"Vi un cielo nuevo y una tierra nueva, porque el primer cielo y la primera tierra han pasado, y el mar ya no existe (...) Ésta es la morada de Dios con los hombres: acamparé entre ellos. Ellos serán su pueblo, y Dios estará con ellos y será su Dios. Enjugará las lágrimas de sus ojos. Ya no habrá muerte, ni luto, ni llanto, ni dolor. Porque el primer mundo ha pasado..."
Ap 21,1-5a
El día acaba de despuntar y ahí estoy yo, recién llegada a la isla y de cara a ella. Detrás de mí, un alfombra de agua y encima de ella una flota de barcos atados con sus cuerdas.

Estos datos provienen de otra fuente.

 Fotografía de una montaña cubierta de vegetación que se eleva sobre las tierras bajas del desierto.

Observo los árboles de un verde rabioso con los brazos en jarra. Sólo se oye el ronroneo del mar y algún pájaro despistado. Todo es tan hermoso que soy incapaz de moverme durante un tiempo. Allí dentro está el campamento, aunque desde el muelle no pueda verlo. Sé que está ahí, a un par de kilómetros selva adentro.

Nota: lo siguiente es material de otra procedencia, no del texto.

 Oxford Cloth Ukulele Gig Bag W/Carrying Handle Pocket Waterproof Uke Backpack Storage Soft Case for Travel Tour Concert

Los barcos me han traído hasta aquí. Con ellos puedo viajar a donde me plazca y pueden llevarme de vuelta a casa. Sin embargo, y aunque parezca extraño, eso es precisamente lo que impide que me adentre en la isla. El corazón me arde de una manera que si sigo más tiempo allí clavada, tengo la sensación de que me quemaré. No sé qué hacer. Hay tantos barcos a mi espalda.¿Quién puede pegarles fuego?¿cómo voy a hacer eso?

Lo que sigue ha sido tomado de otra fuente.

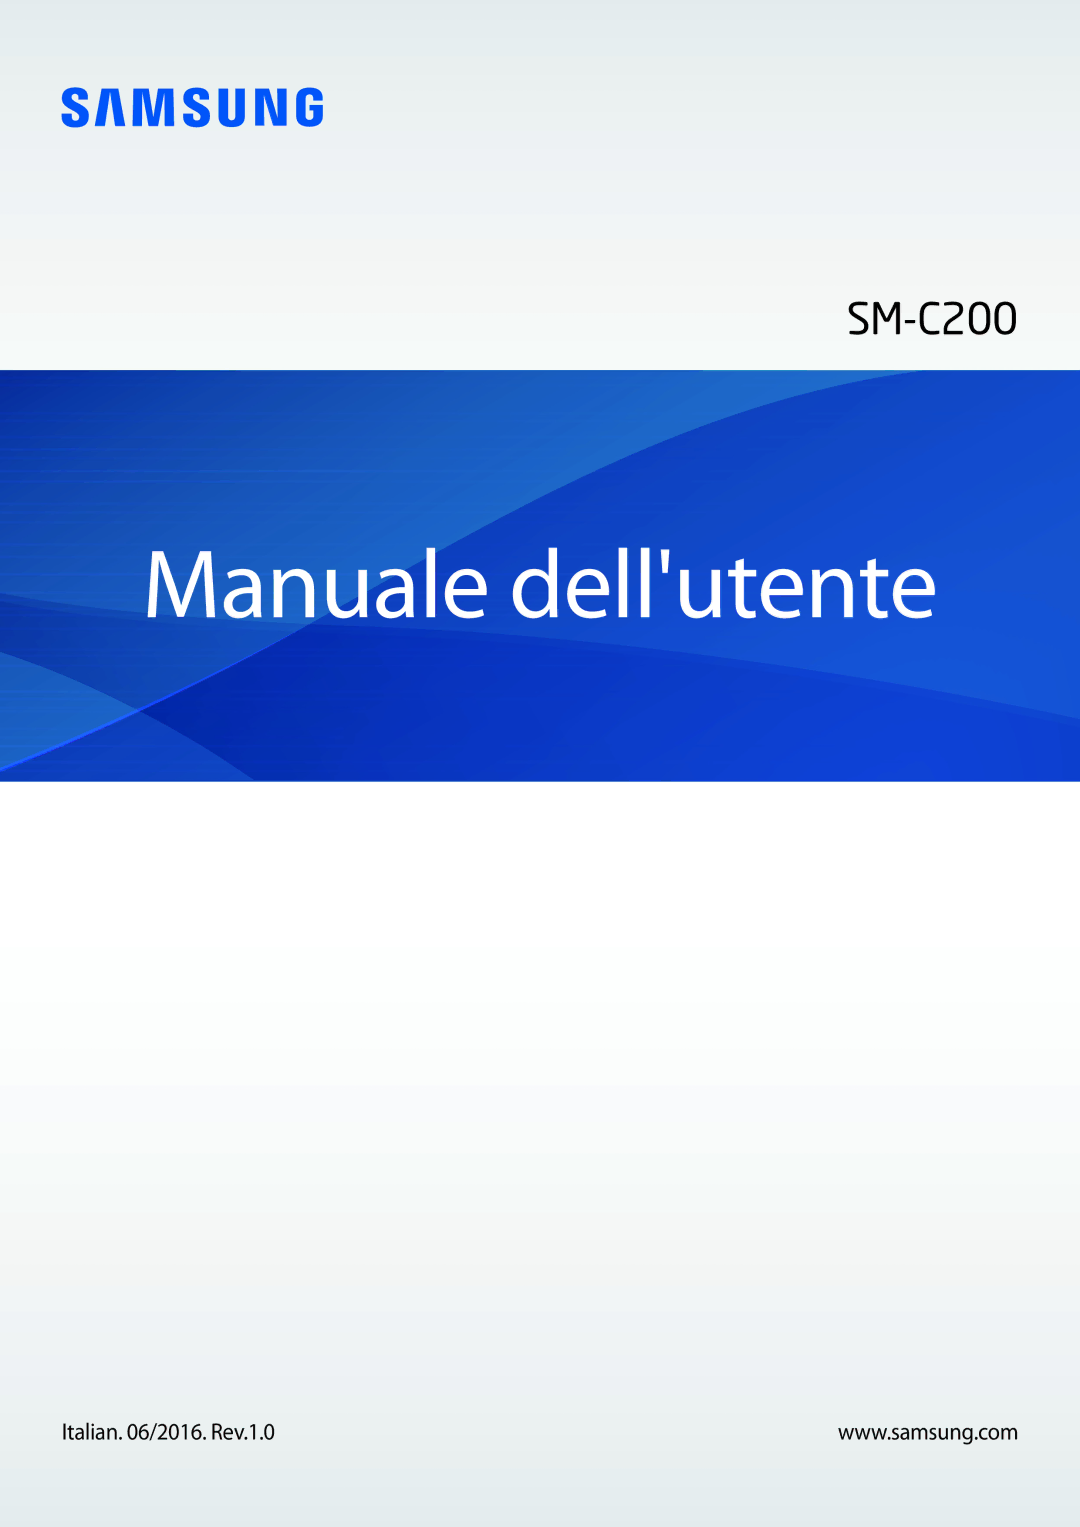 Samsung SM-C200NZWAITV manual Manuale dellutente

Huele a pan. El aire se llena de ese sabor a miga tostada.
La isla es tan bonita.
Doy la vuelta y corro hacia los barcos. Lo único que puedo hacer por ahora es cortar con ahínco la soga que une el primer barco de la cadena al noray. Ahora los barcos flotan mansamente sin ninguna atadura. Puede que, poco a poco, se vayan alejando.